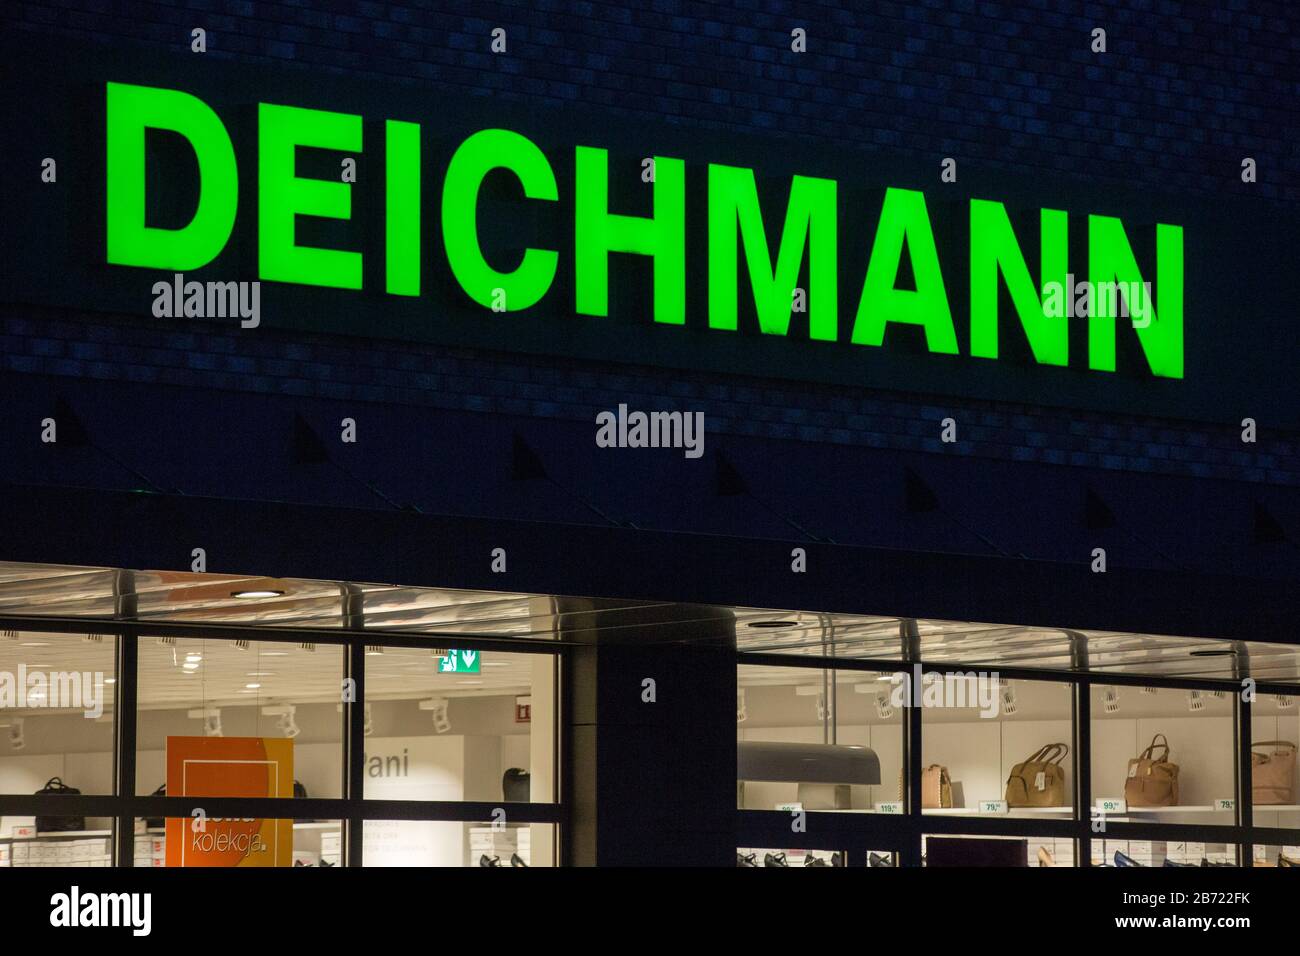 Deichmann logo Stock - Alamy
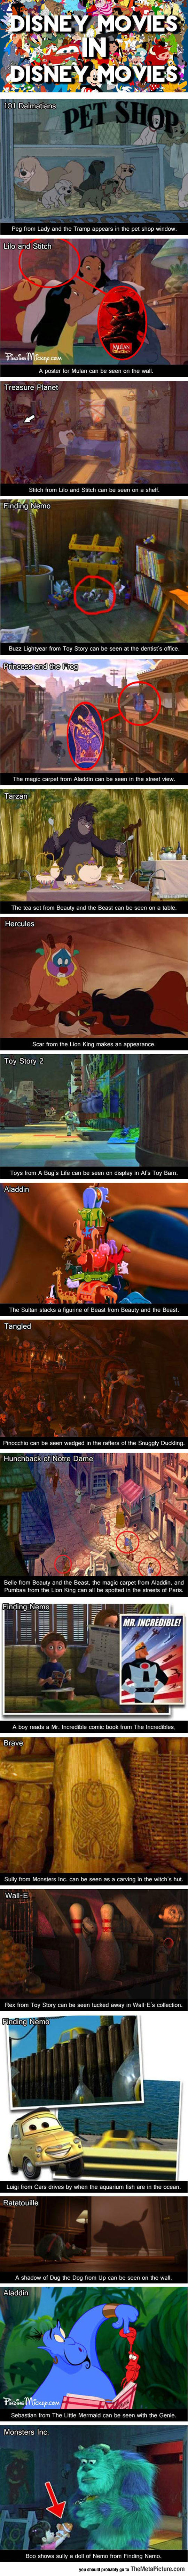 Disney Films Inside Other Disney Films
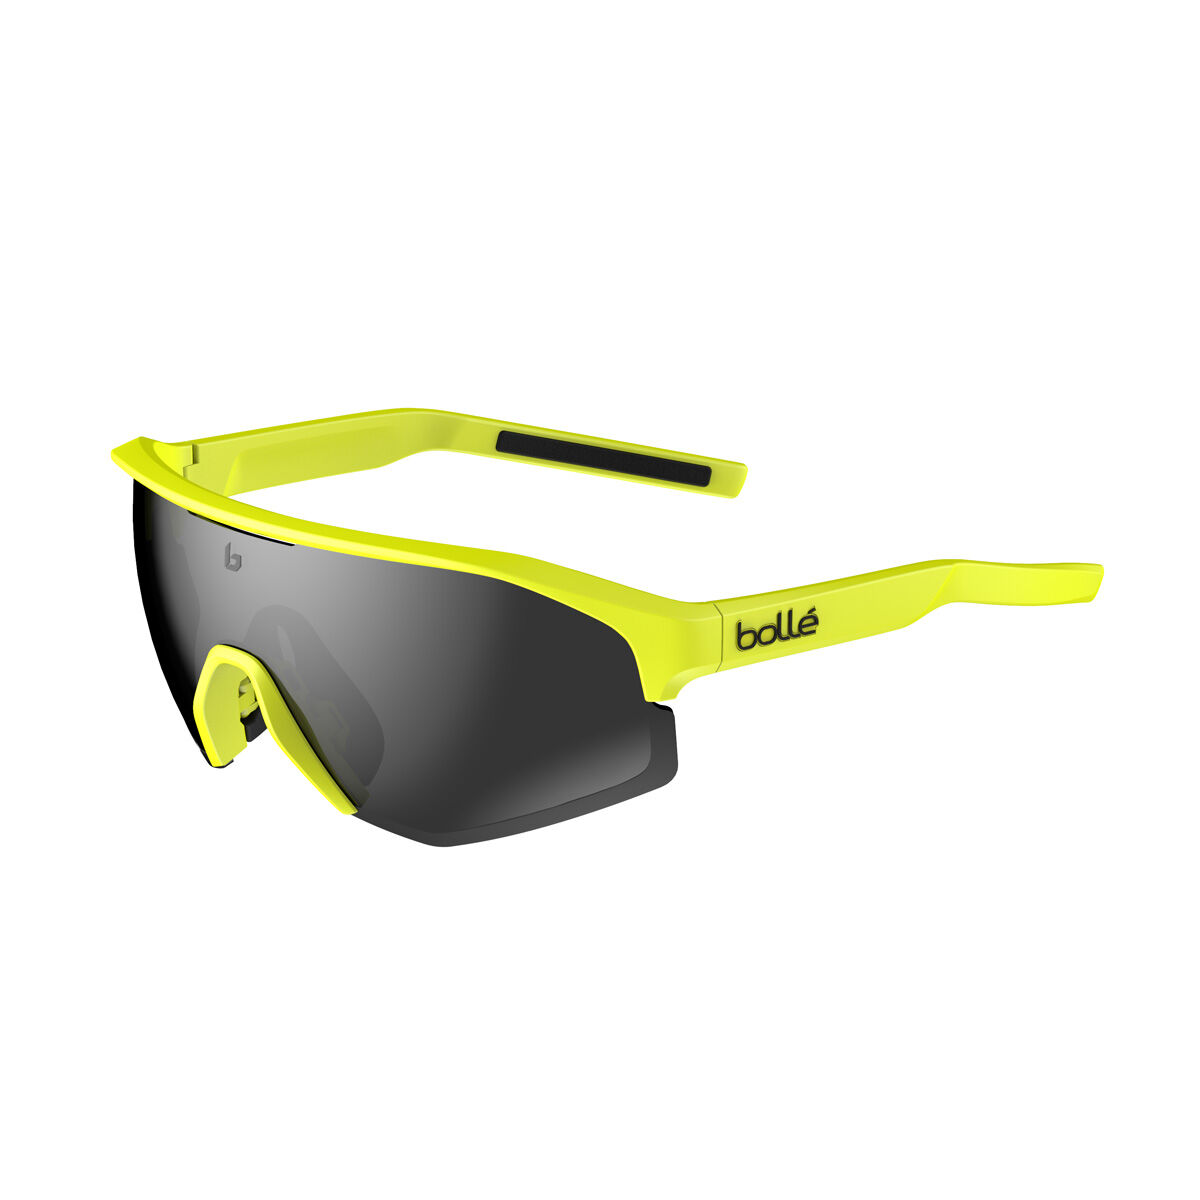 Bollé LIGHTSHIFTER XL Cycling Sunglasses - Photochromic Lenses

■ ABOUT THIS EXERCISE
Give back the whole listing exactly as written. Do not include any picture.

■ ANSWER TO THIS PROBLEM
 Deichmann logo Stock - Alamy
 Disney Films Inside Other Disney Films
 Bollé LIGHTSHIFTER XL Cycling Sunglasses - Photochromic Lenses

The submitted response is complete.